Called obligate secondary cavity nesters, these are species that build their nests in pre-existing cavities in tree trunks, fence posts or rocky outcrops. “They can't excavate that cavity themselves, and they can’t just build a nest anywhere,” explained Lipshutz. “They have to find a hole in a tree, and this is the only way they can reproduce.”

These specific needs — and the fact that they do not create these cavities themselves — mean that females with good nest sites have a precious resource to defend. And they do, with beaks and claws, and quite a bit of angry vocalizing.

Lipshutz’s federally-funded team focused on five families of birds: swallows, wood warblers, sparrows, thrushes and wrens, and on two closely related species per family — one an obligate secondary cavity nester, and one not. The researchers then strategically placed decoys corresponding to each species and Bluetooth speakers playing their call in the vicinity of nests and observed how the resident birds responded.

As with so many other traits, one could expect aggressiveness to run in families, being more prevalent in some branches of birds’ evolutionary tree than in others. What Lipshutz and her team found, however, was that aggressiveness is far more related to nest strategy than to family. With the exception of never-aggressive sparrows and always-aggressive wrens, obligate cavity nesters were far more determined to get intruders off their lawn than their more versatile cousins. Among the obligate cavity-nesters, females were also more aggressive than males, possibly reflecting the higher cost they’d bear if their nest was lost.

“It was a really striking behavioral pattern,” said Lipshutz.

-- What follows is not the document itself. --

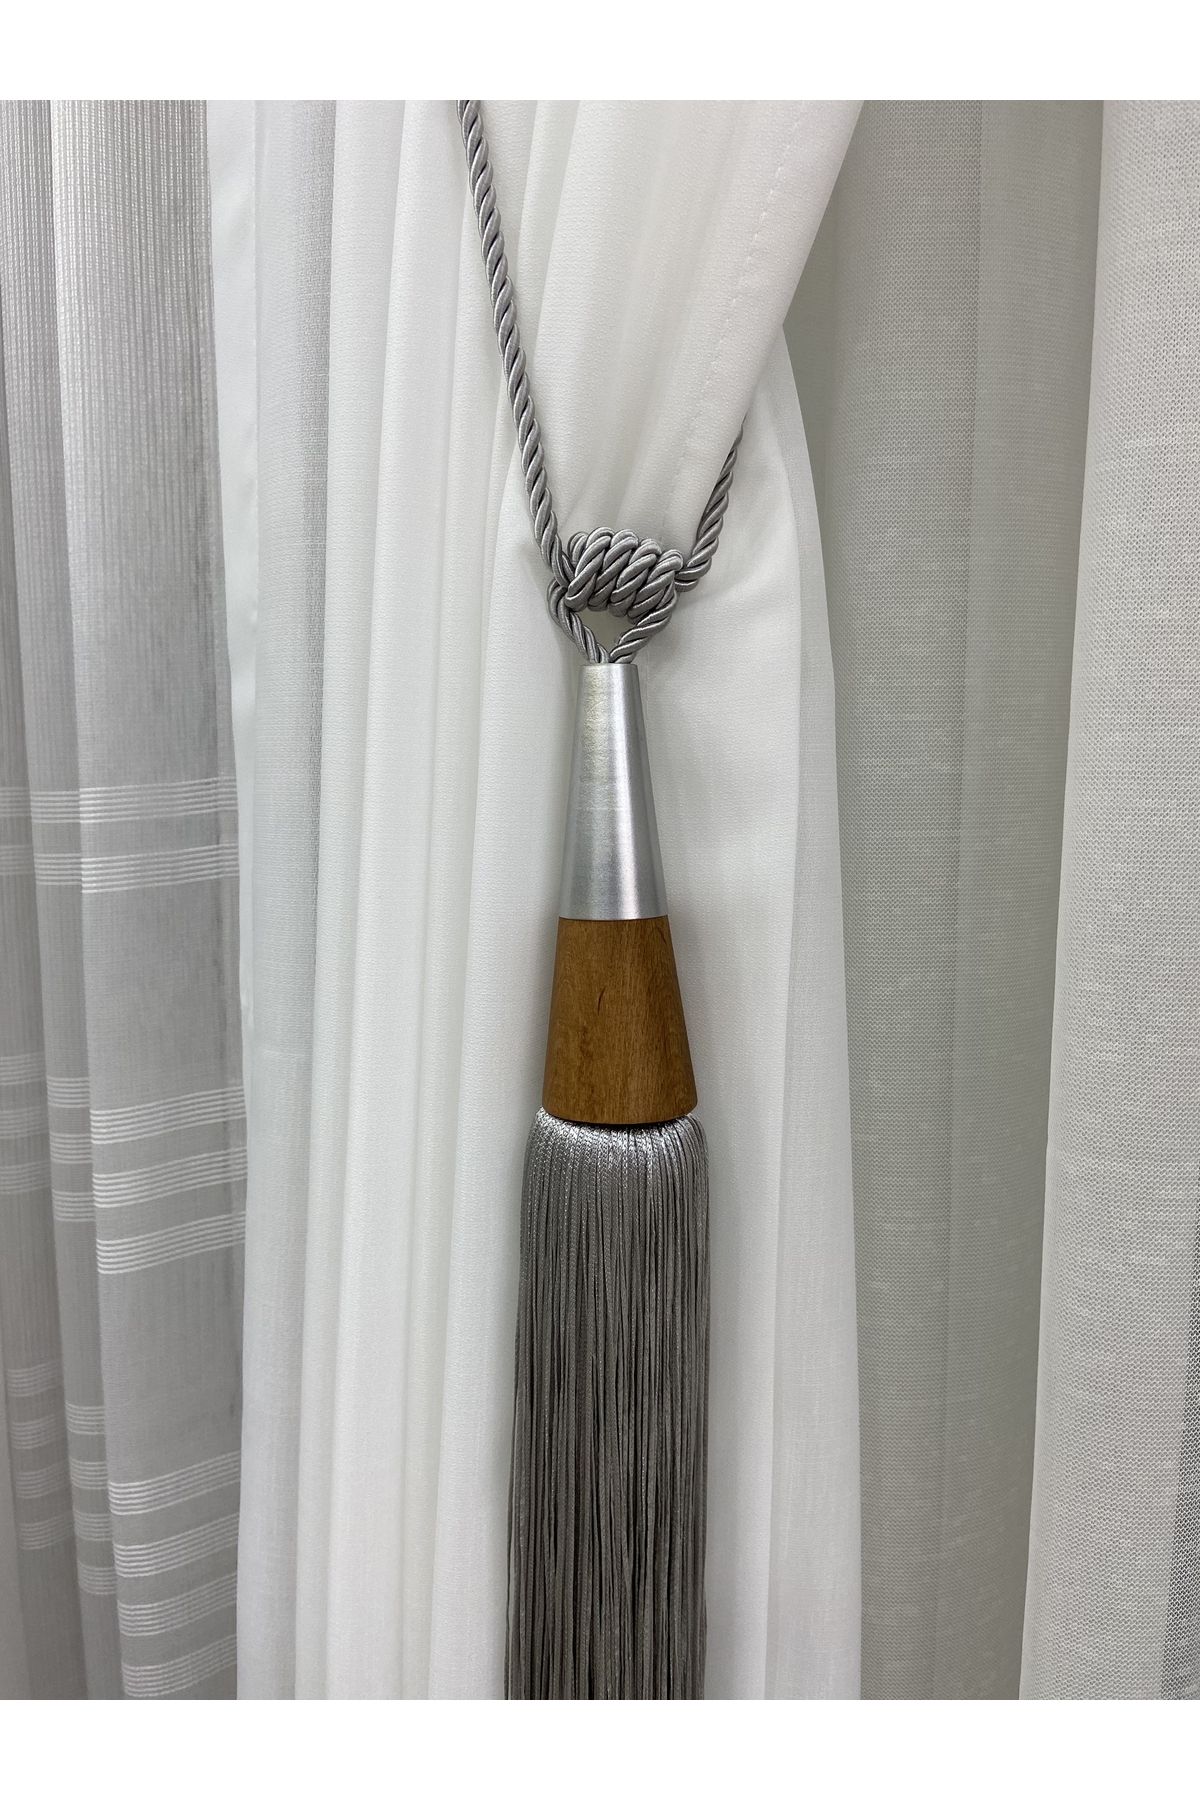 Akcan Açık Gri Renk Gümüş Metal Bambu Uzun Braçol

“The pressure to compete led to higher aggressiveness,” added Kimberly Rosvall, a Duke alumna whose lab at Indiana University contributed to the project. “And this was especially strong for the females.”

The team also looked at another frequent culprit of aggressiveness: testosterone. Once again, the results were surprising. Females from cavity-nesting species didn’t have higher levels of testosterone.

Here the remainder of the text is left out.